I don't have access to a bead blaster, so it may get a little pricey, I gotta check with my powder coat guy to see what he would charge, sometimes they are really pick and want to blast it themselves.

Thanks for the restore post, I did a similar labor of love when I swapped my auto transmission on my Acura TL to a 6 spd. MT and changed the knuckles over to the Brembo brakes. Funny the hardest part of that project was figuring out how to make the reverse lights work Acura was too kind not to post a good electrical schematic.

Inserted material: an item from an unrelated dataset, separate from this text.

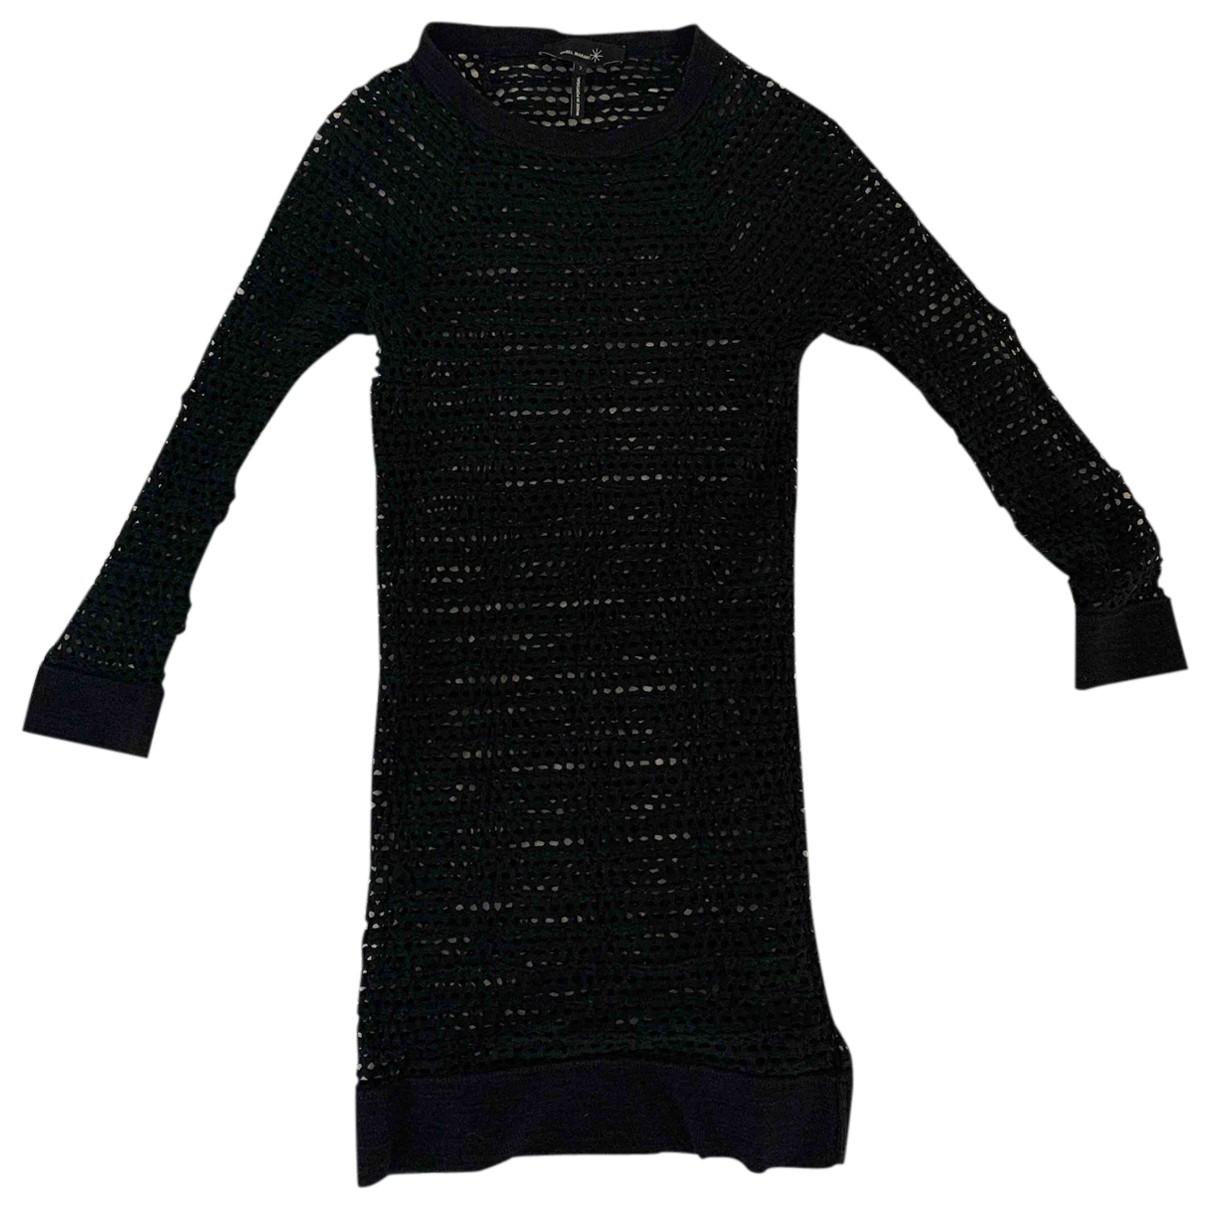 Isabel Marant \N Black Cotton - elasthane dress for Women 2 0-5

I may pick your brain from time to time if that's ok with you??


----------



## jimbeckel (May 27, 2018)

AZPilot said:


> AZPilot said:
> 
> 
> > cwrx82 said:
> ...


Let me look at my box of spare parts, I can send you some leftover stuff that I didn't use, bearings belts, screws, a new bedknife if you are interested.


----------



## trickd122 (Jun 19, 2018)

Great motivation guys. I picked up 2 GM1000s for $100 total. They both work but need TLC and lots of it. This may sound crazy but I'd like to paint mine Hausqvarna orange. I'd definitely be interested in parts as well. Great thread


----------



## jimbeckel (May 27, 2018)

trickd122 said:


> Great motivation guys. I picked up 2 GM1000s for $100 total. They both work but need TLC and lots of it. This may sound crazy but I'd like to paint mine Hausqvarna orange. I'd definitely be interested in parts as well. Great thread


I sent everything I had to @AZPilot


----------